Jumat, 28 September 2012

Pemeliharaan Ulat Sutra

Salah satu ciri-ciri kupu-kupu berkelamin jantan adalah fisiknya lebih kecil dibanding kupu-kupu betina. Tugas kupu-kupu jantan adalah membuahi sang betina. Sedikitnya butuh waktu dua jam untuk perkawinan yang produktif. Usai pembuahan, enam jam kemudian kupu-kupu betina bertelur. Setiap kupu-kupu betina biasanya mampu bertelur hingga 500 butir. Namun, siklus hidup ulat betina lebih pendek. Sedangkan ulat jantan mampu kawin hingga tiga kali, sebelum akhirnya mati.

Dibutuhkan ruang gelap untuk penetasan telur sutera. Bayi-bayi ulat berumur sehari membutuhkan pakan daun murbei muda dan suhu udara yang lembab. Sepanjang perjalanan hidup ulat sutera dari mulai periode instar pertama hingga kelima, ulat mengalami empat kali pergantian kulit. Kondisi ini berbarengan dengan perkembangan bentuk tubuhnya yang juga bertambah besar. Sepanjang hari, ulat-ulat sutera terus makan. Sedikitnya diperlukan satu ton pakan daun murbei segar untuk sekitar 25 ribu ulat sutera dalam satu siklus. Sesudah instar ketiga, menjelang instar keempat dan lima, ulat pun tidur.

Pada instar kelima menjelang pengokonan, selama dua hari ulat sutera makan daun murbei tanpa henti. Ketika masa pengokonan tiba, ulat tak lagi makan selama tiga hari. Tubuh ulat menjadi lebih bening saat pengokonan tiba dan bagian mulut mulai mengeluarkan serat. Masa panen pun tiba. Rata-rata tiap kokon, jika telah diolah serat direntang menjadi benang, bisa mencapai panjang hingga 1.000 meter.

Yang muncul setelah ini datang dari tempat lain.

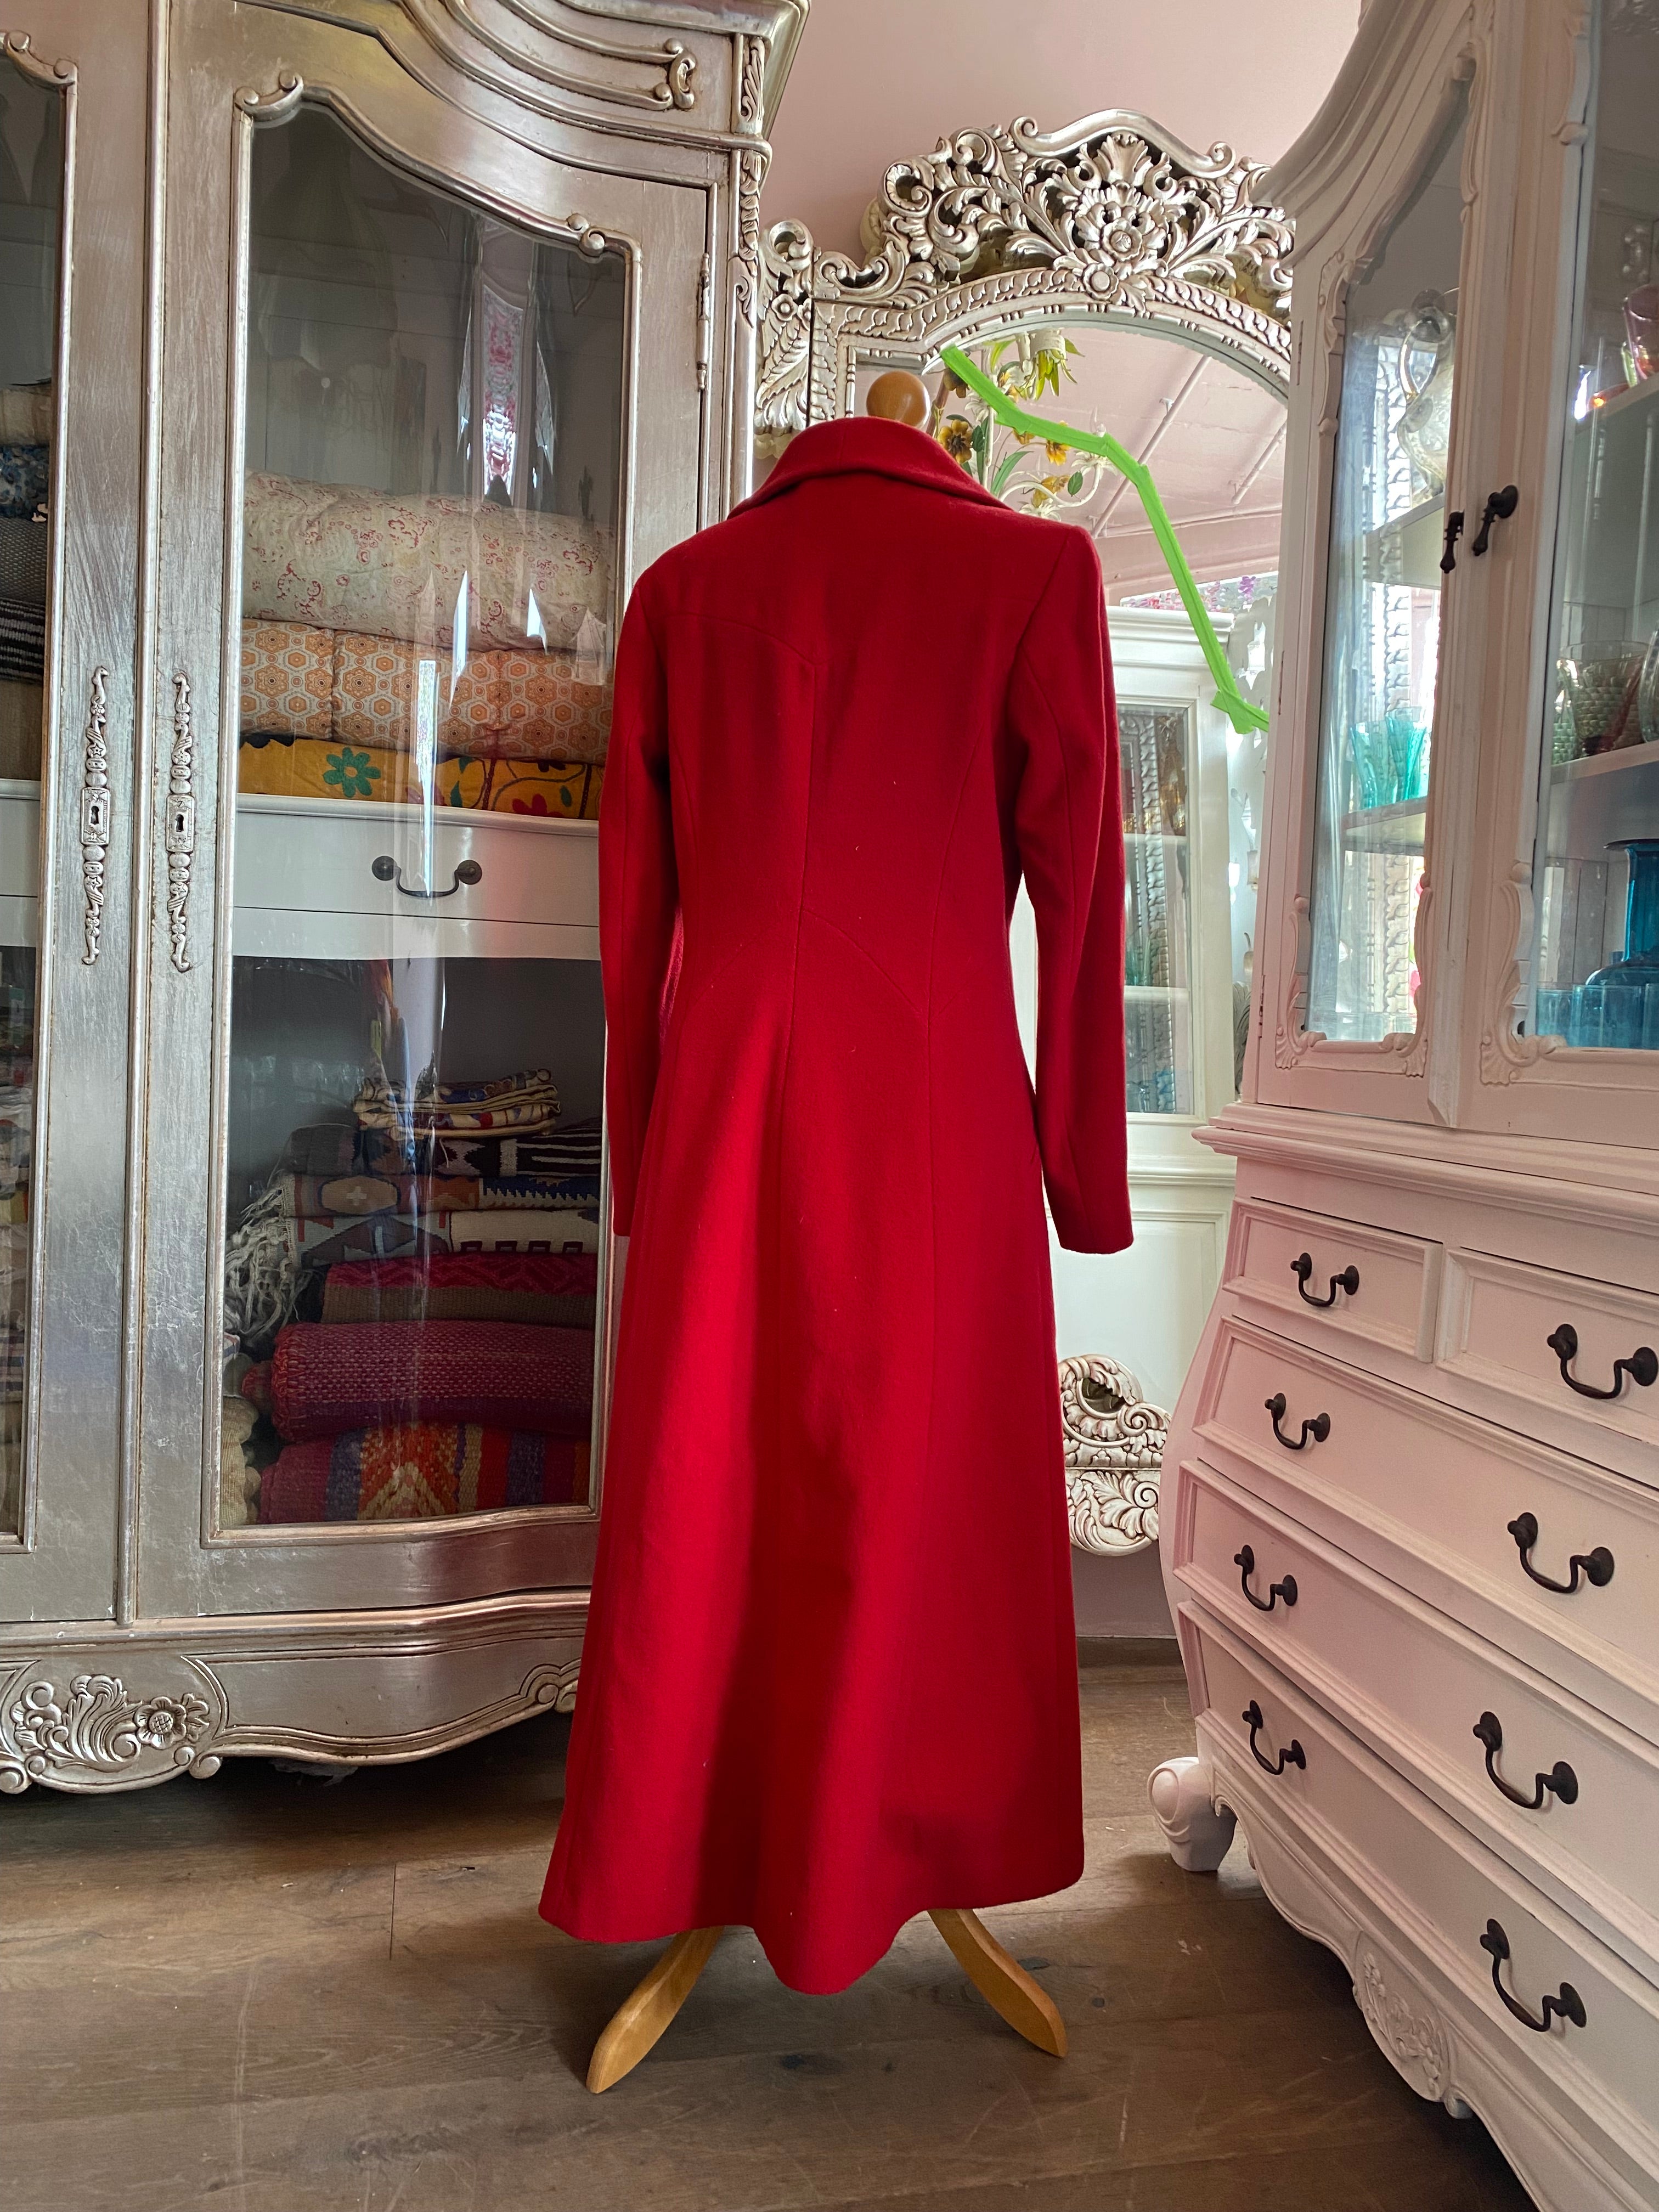 Berghaus Red Coat

Ulat sutera adalah larva dari serangga yang termasuk ordo Lepidoptera yang mengalami metamorfosa sempurna.  Siklus hidup ulat sutera diawali dari telur, kemudian menetas menjadi ulat, pupa dan akhirnya menjadi ngengat yang siap bertelur lagi.  Selama menjadi ulat, merupakan masa makan dan terjadi 4 kali pergantian kulit.

Sebelum terjadi pergantian kulit ulat sutera dinamakan instar 1, instar 2, instar 3, instar 4 dan instar 5,  dan ulat sutera sama sekali berhenti makan, saat ini dinamakan masa tidur atau masa istirahat.  Setelah instar 5 berakhir ulat mengokon untuk berubah menjadi pupa.  Selanjutnya pupa berubah menjadi kupu dan siklus akan berulang dimulai lagi dari telur.

Akibat perlakuan manusia sejak dahulu dengan membudidayakannya, maka sekarang ulat sutera sudah kehilangan sebagian fungsi tubuhnya.  Penciumannya sudah tidak bisa mengenal tanaman murbei dari jarak berapa meter.  Daya pegang kakinya juga sudah lemah, tidak mampu bertahan pada cabang oleh guncangan angin.  Demikian pula kupunya sudah tidak mampu terbang lagi.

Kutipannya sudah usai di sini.